ABOUT THIS TASK: What you return must match the listing below line for line, minus its pictures.

PROVIDED DATA:
__________

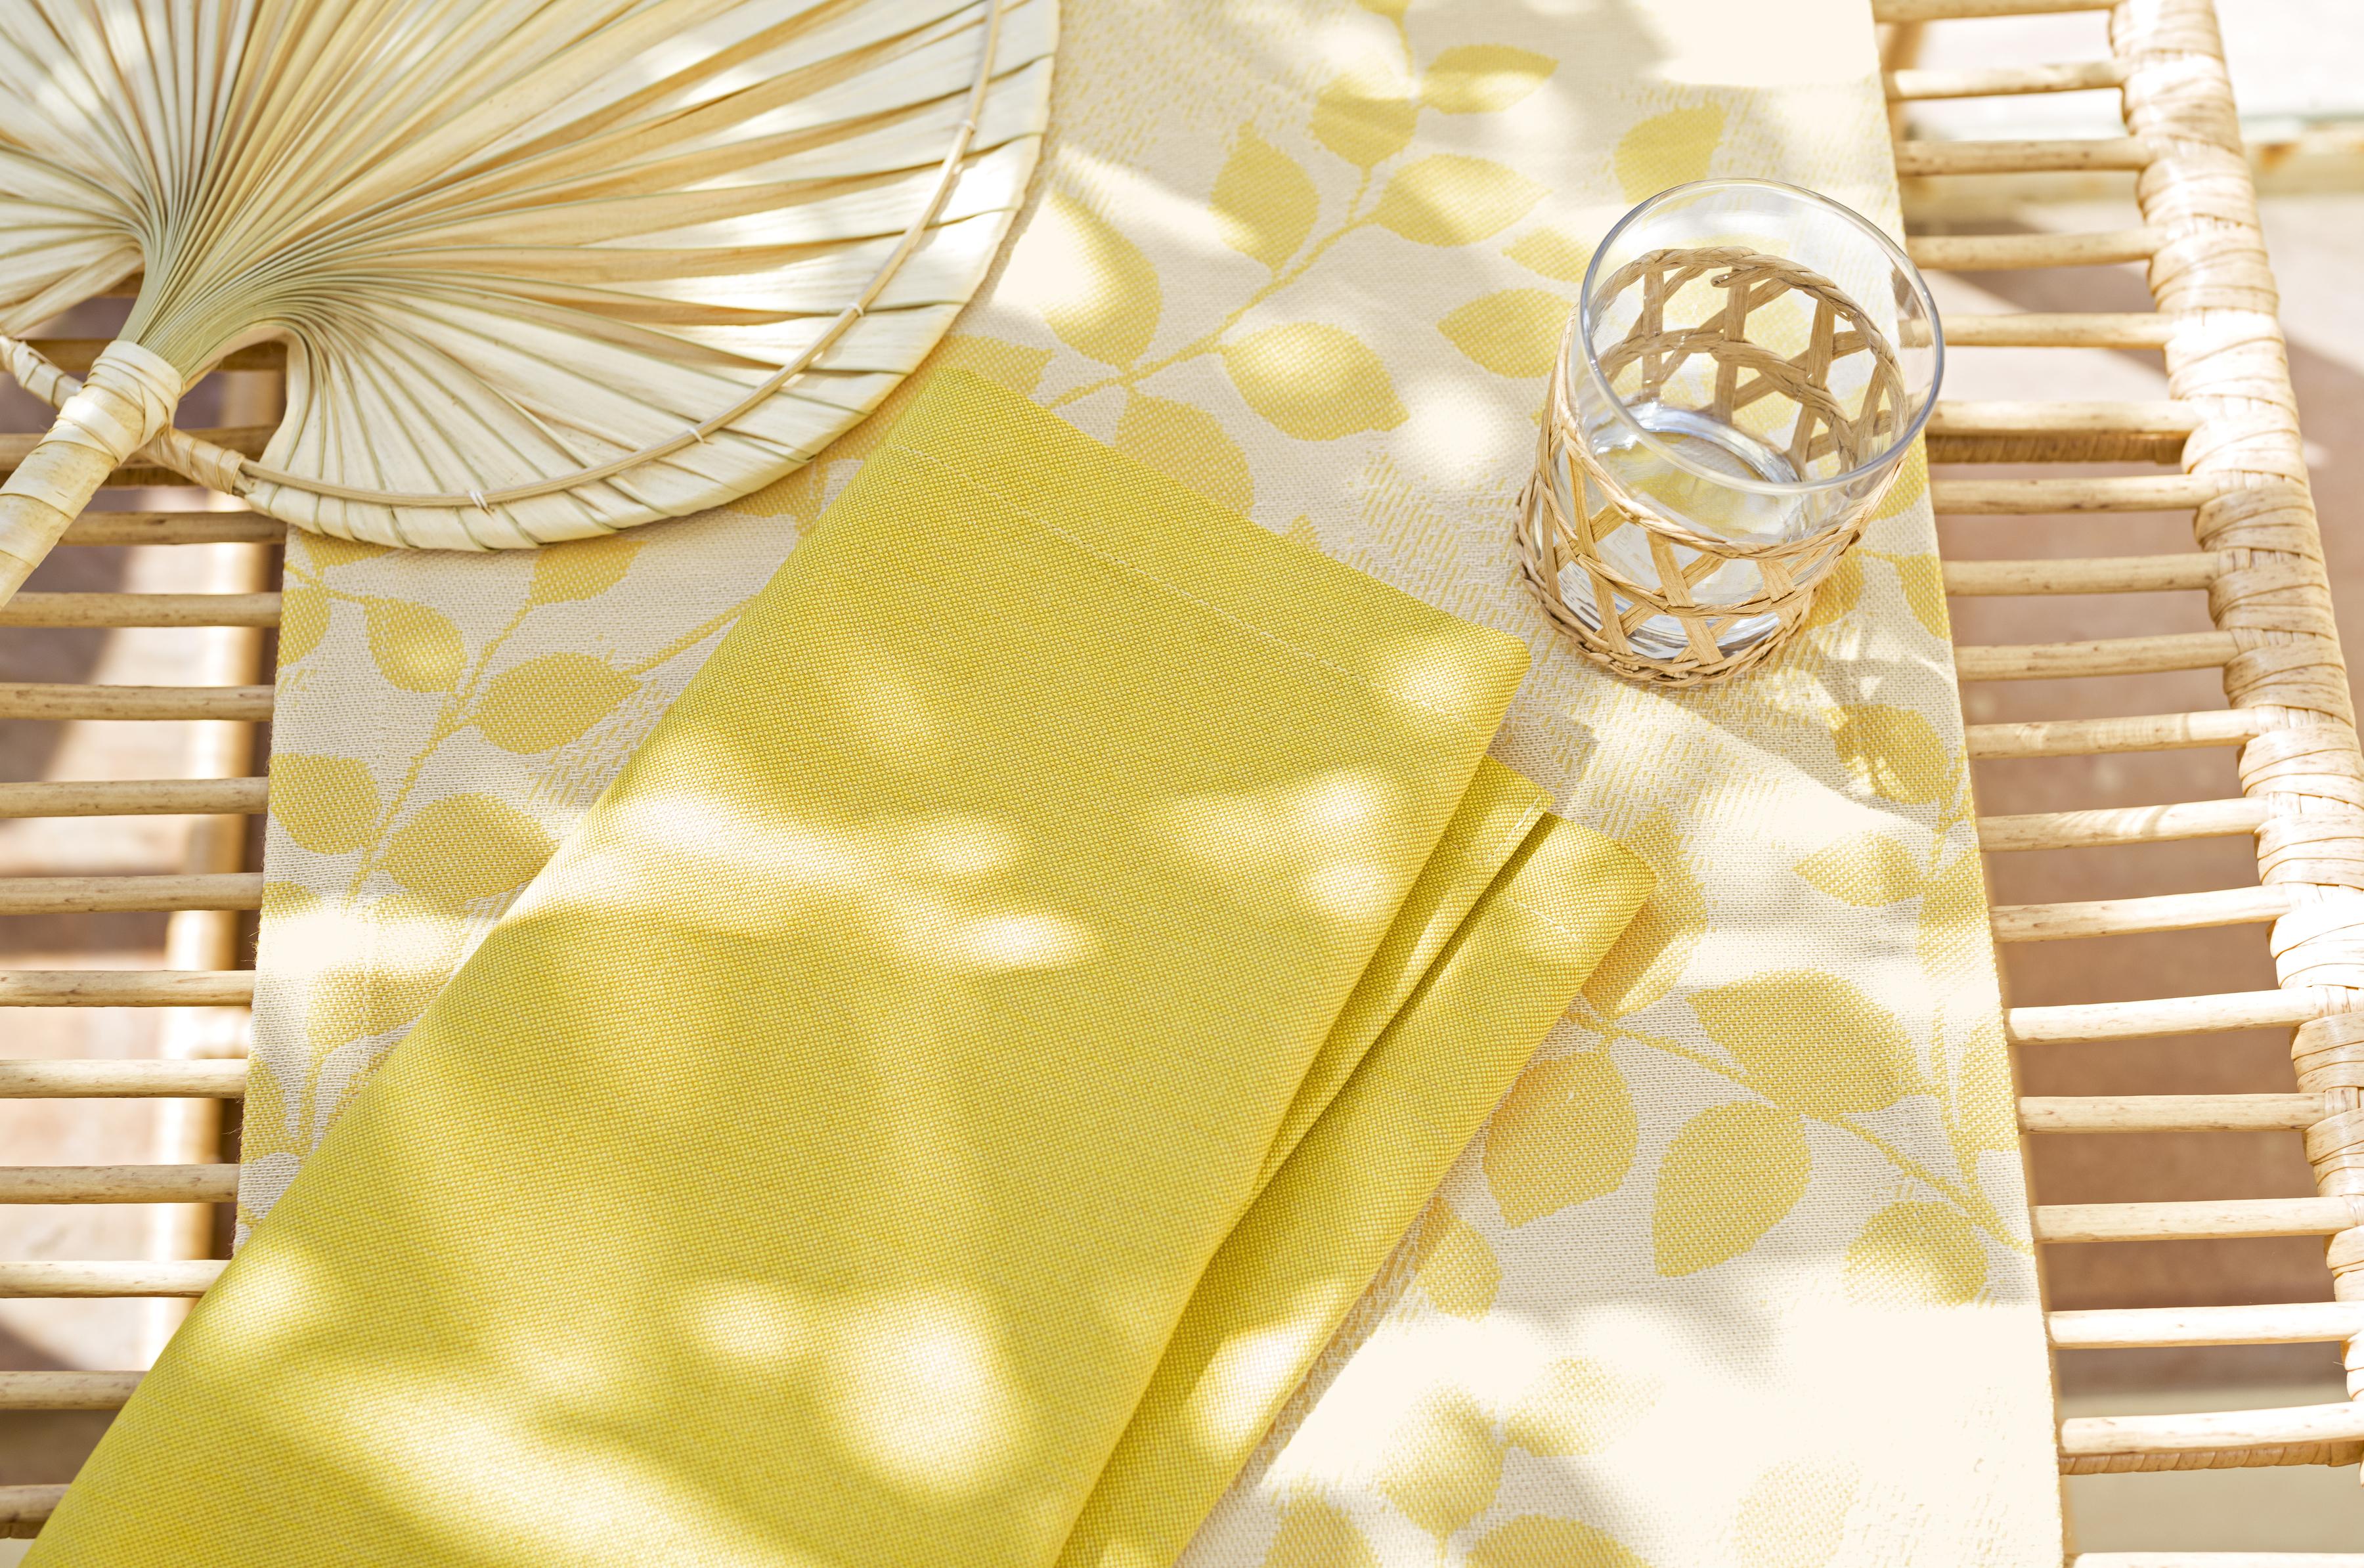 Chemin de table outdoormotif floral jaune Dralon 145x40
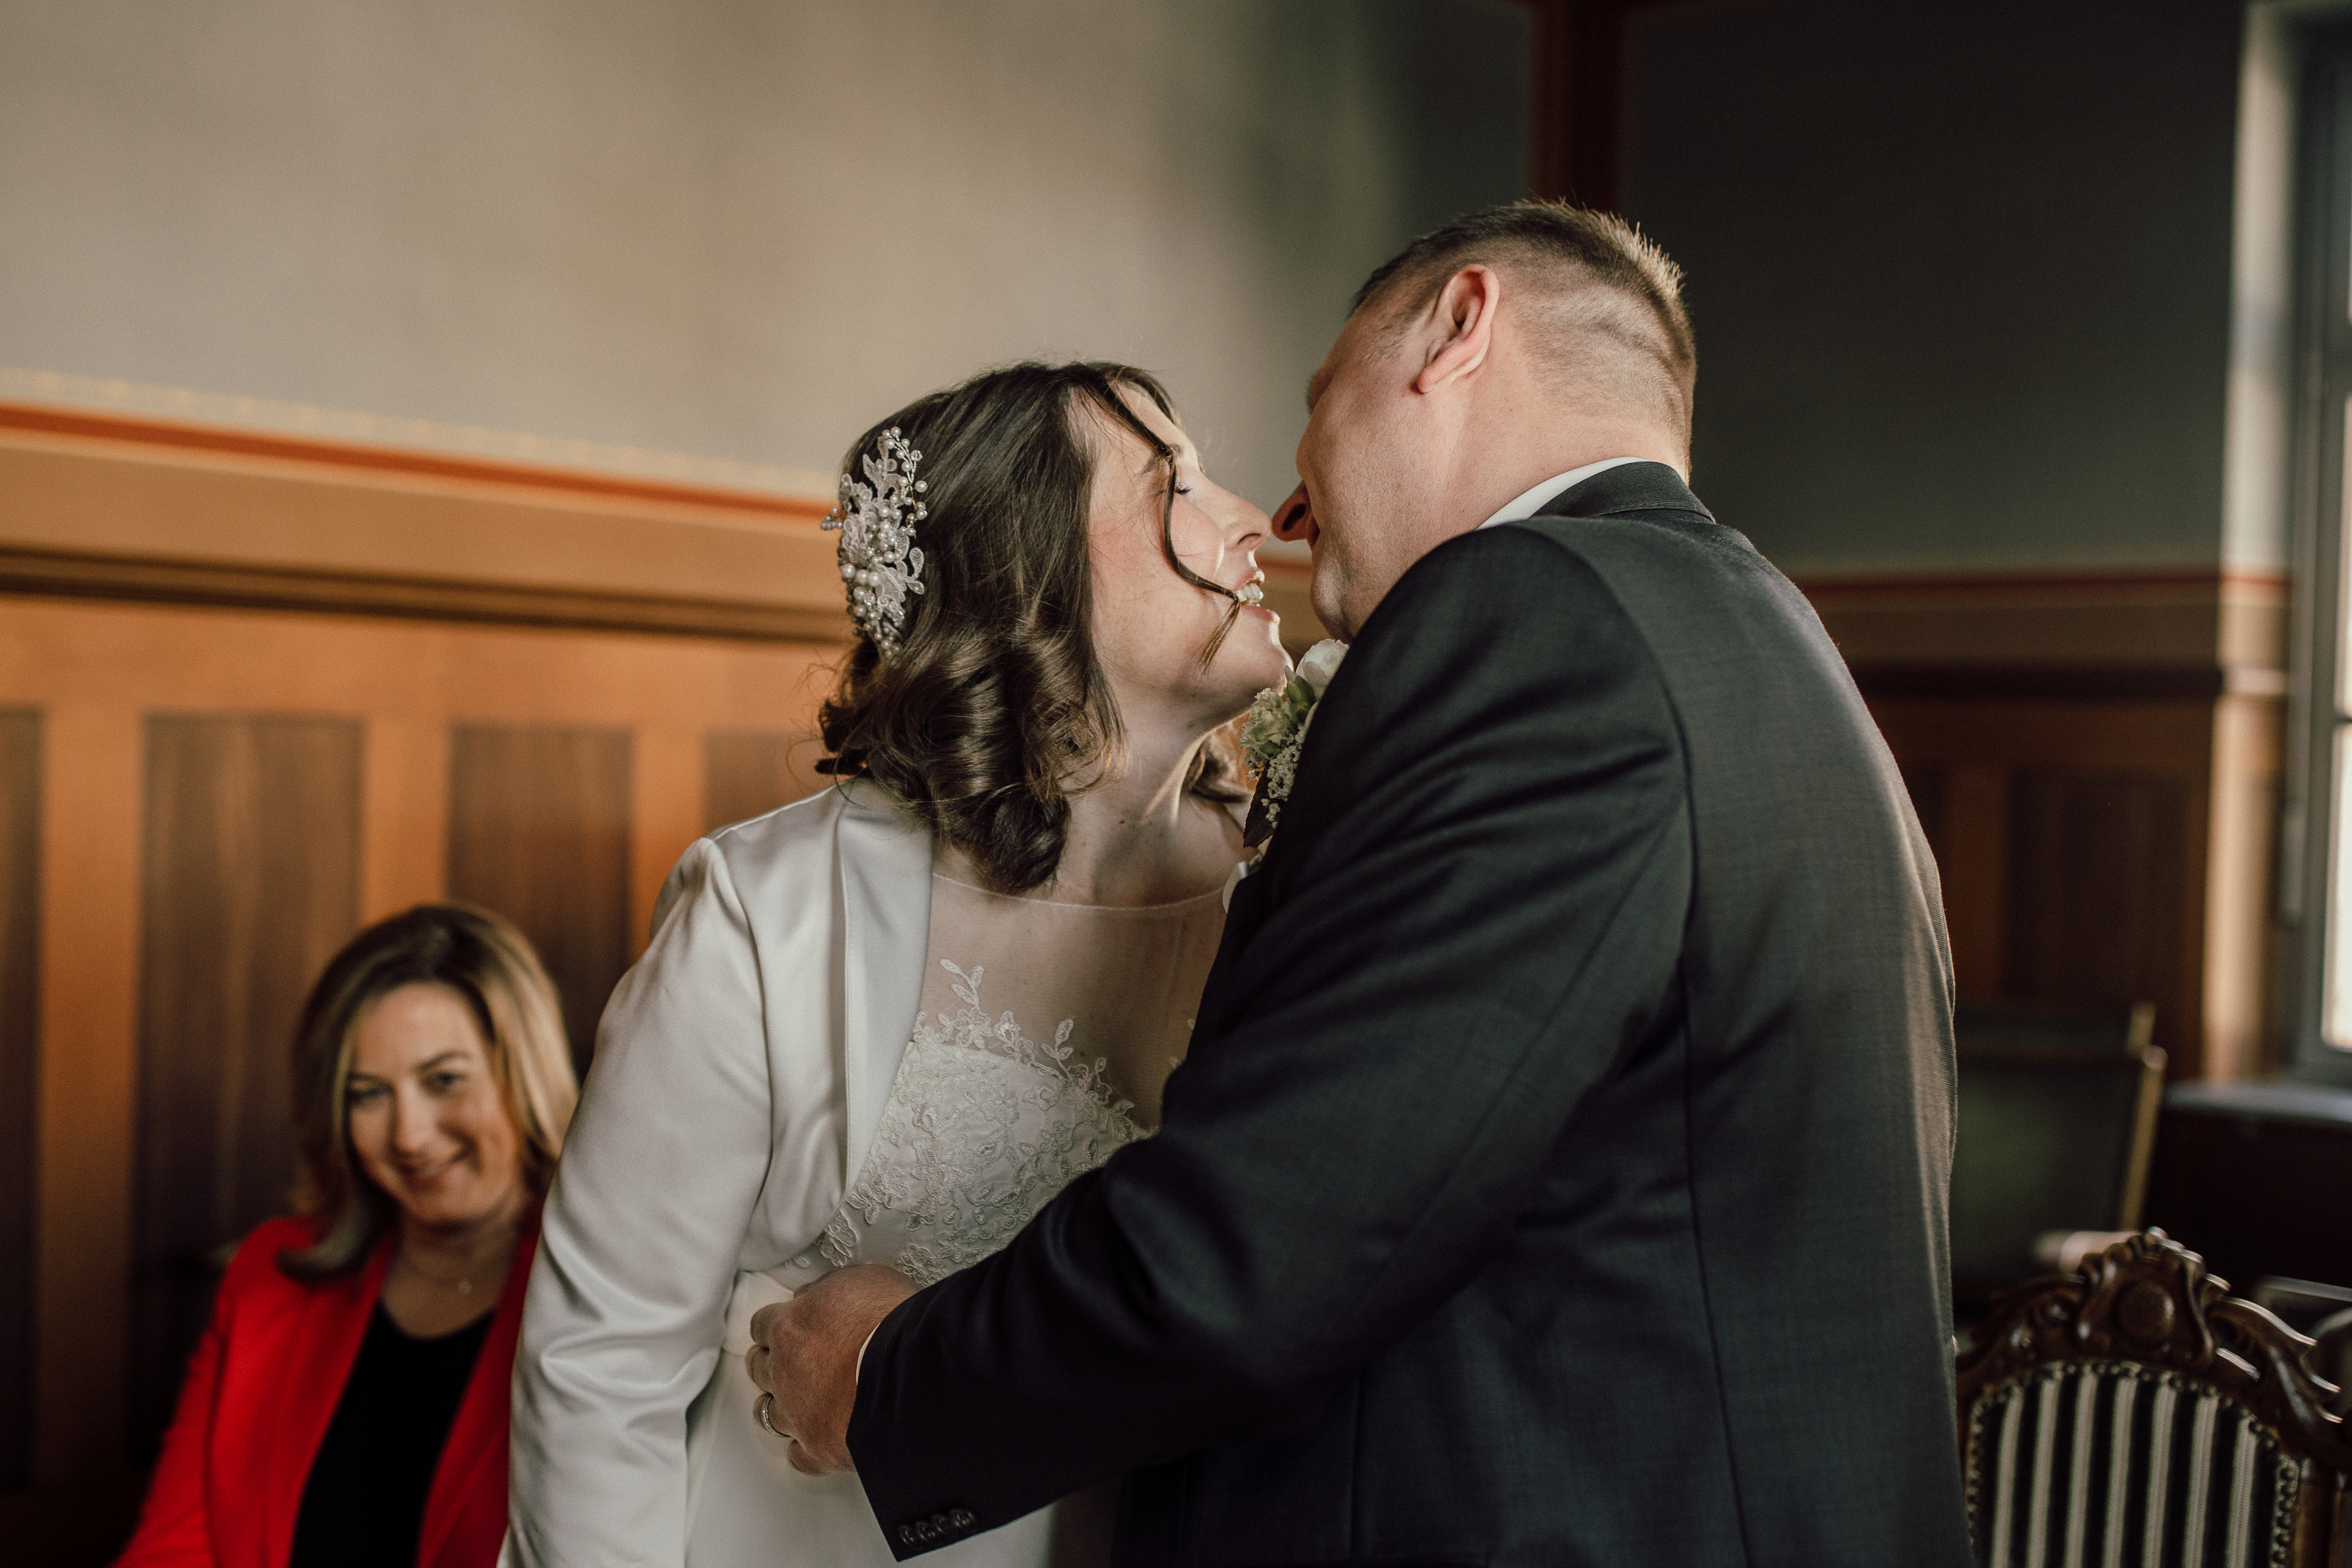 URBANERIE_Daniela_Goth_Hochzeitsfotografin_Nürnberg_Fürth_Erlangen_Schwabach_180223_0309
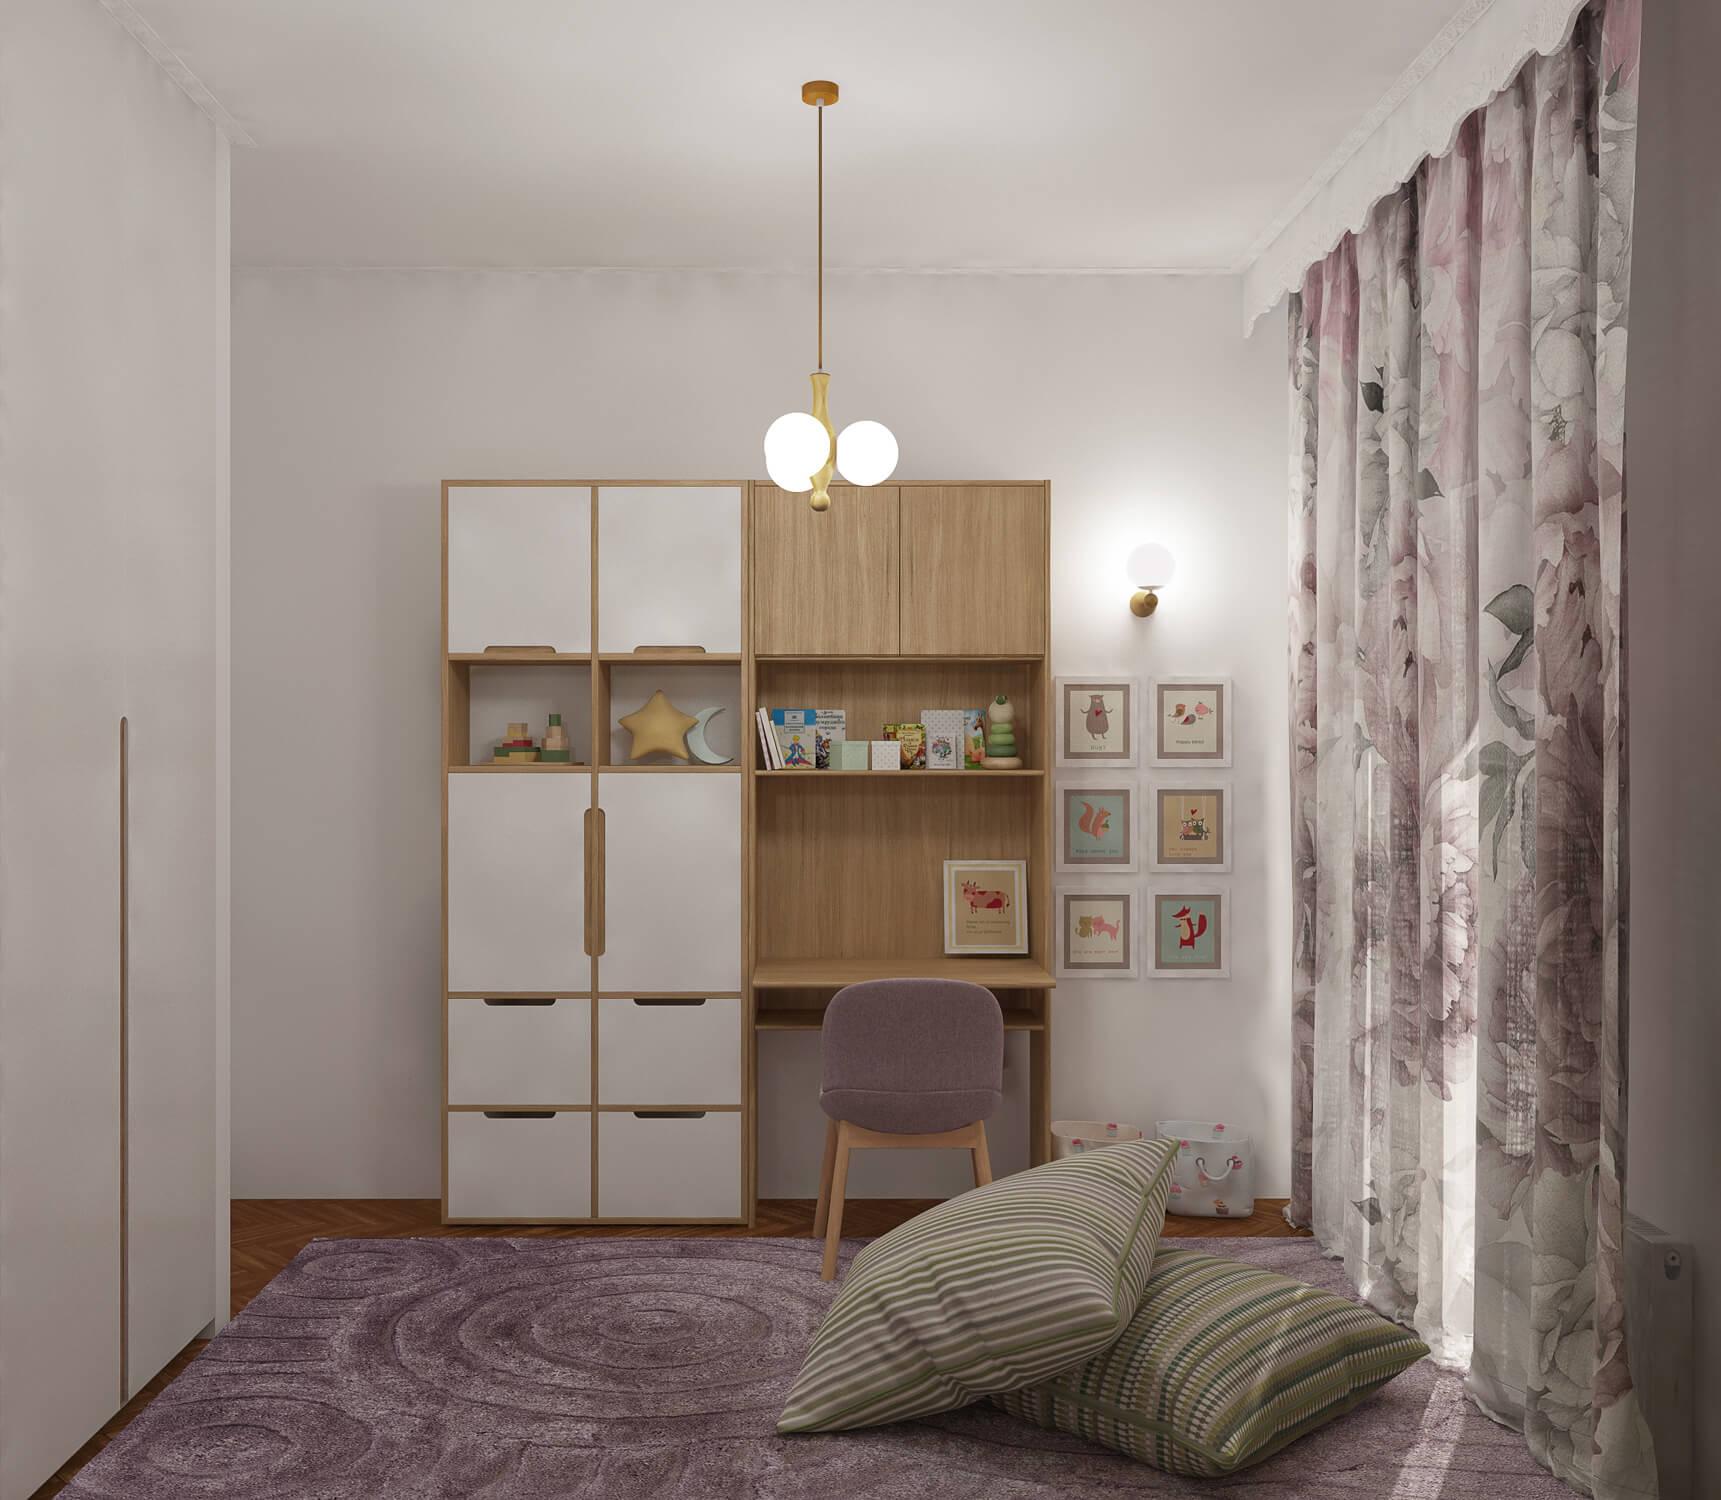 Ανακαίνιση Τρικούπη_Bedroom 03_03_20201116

__________

EXERCISE OUTPUT:
 Chemin de table outdoormotif floral jaune Dralon 145x40
 URBANERIE_Daniela_Goth_Hochzeitsfotografin_Nürnberg_Fürth_Erlangen_Schwabach_180223_0309
 Ανακαίνιση Τρικούπη_Bedroom 03_03_20201116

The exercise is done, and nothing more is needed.